Saturday, June 09, 2007

marks in time


Every life’s chapter is read by a searching eye;
And those who tread on our footsteps are just passers
Who walk on by through our story and the times that we have spent.
Those marks you have left will be left in cement for those that can see.
And for those that can read-they will read the words that you have left.

It is just to some, a mark in time;
But for those that you know you have left marks in their heart
And in mine.

Your season’s chapter is seen by each seeking eye
And those who tread in your footsteps aren’t really just passers
Who walk on by, but those who will shape those marks you have left
And take them to heart-remoulding their own life’s cement.
Because they can read those words you have left.

It is to them a great mark in their time
For those that you have loved-And in mine.

Monday, May 07, 2007

john

As soon as Mary’s final words had left her mouth, my legs, filled with an energy that I have never yet experienced, drove themselves forward, flung my body around and propelled me towards the garden where I knew He was supposed to have been laying. The beating rhythm of my feet against the dusty streets sent shocks through my bones that reverberated through my entire soul, and the only thought that ran through my mind seemed to sustain me. A space once filled, now empty that should not have been. It was impossible surely?

Trees and streets blurred past my face. The day was just being born with the familiar sounds of the market awakening, and my mind desperately searched everything I could remember to try to seek out some hint of evidence, a clue that this was supposed to have taken place. I could feel the heat and wind blowing against my tunic and a sandal coming loose around my ankle. As the ground came closer to my face I remembered the words He so tenderly spoke to us about the House His Father had made.

‘And if I go and prepare a place for you, I will come back and take you to be with me that you also may be where I am.’

The gravel grated my body as I landed in the street sending pain through my chest and a black dark through my eyes. I lay still, with my cheek to the ground, waiting for the throbbing to pass.
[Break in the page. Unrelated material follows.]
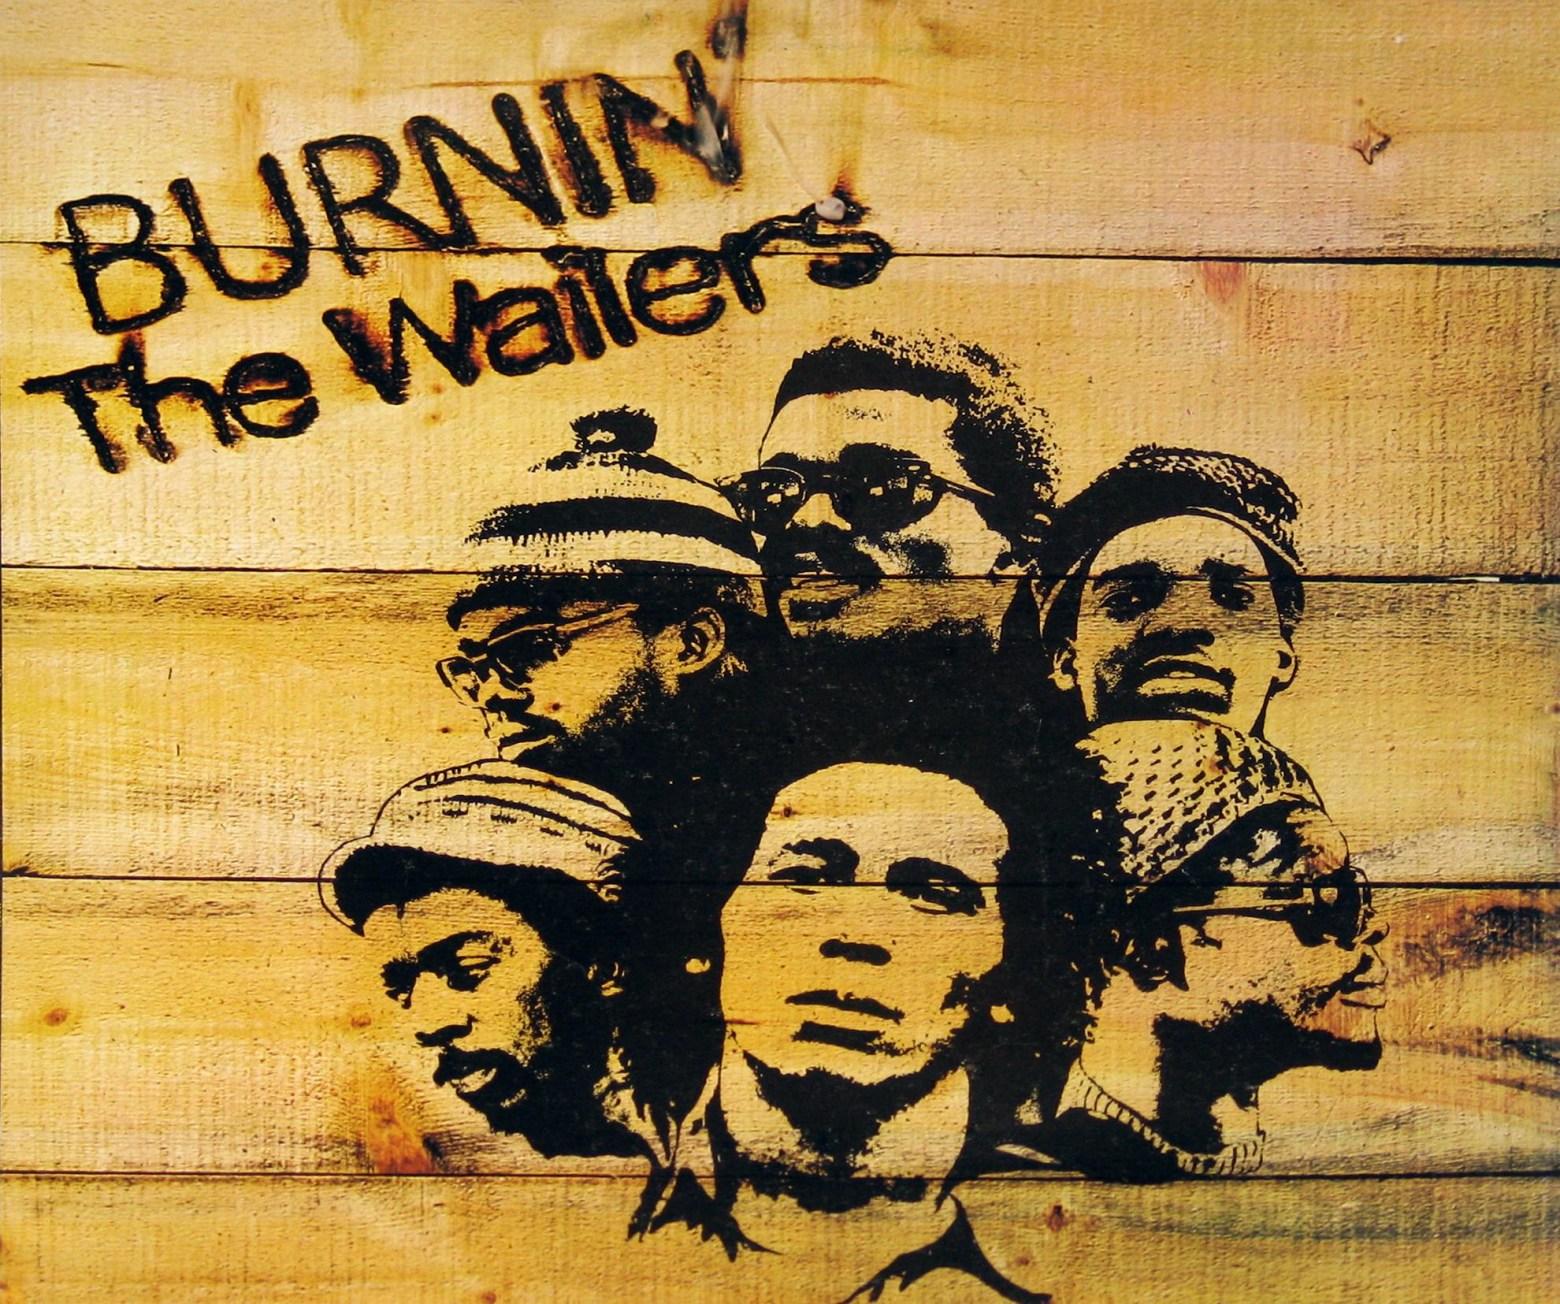 The Wailers – Burnin' – Album Cover

He knew this all along and countless times had he tried to explain it to us, and oh, how stubborn we were. I turned my aching remains over and rested my head against the hard, dry earth. Was this real? Had He really returned to us like He promised?

As a wave of doubt flowed through me, I pulled myself to my feet, letting the energy of His return flood my heart and I hurled myself forward. I longed to see the truth of all this.

Peter’s slow, sagging body ran along beside me, his fat legs thumping the ground with every landing step. He looked older in these last few days, and even more so now with his head hanging low and greying hair loosely flying around his eyes. We had journeyed together through all of this and once more we were side by side again. Together we had heard Jesus speak of vines and branches, of death and betrayal. We had spoken out about our Lord together, broken bread together, drank wine together, laughed with Jesus together and cried aloud at the sight of His broken and bloodied body hanging limply on the cross. We were silenced together when the Lord’s chest heaved its last and sank with his head hanging in his last moments.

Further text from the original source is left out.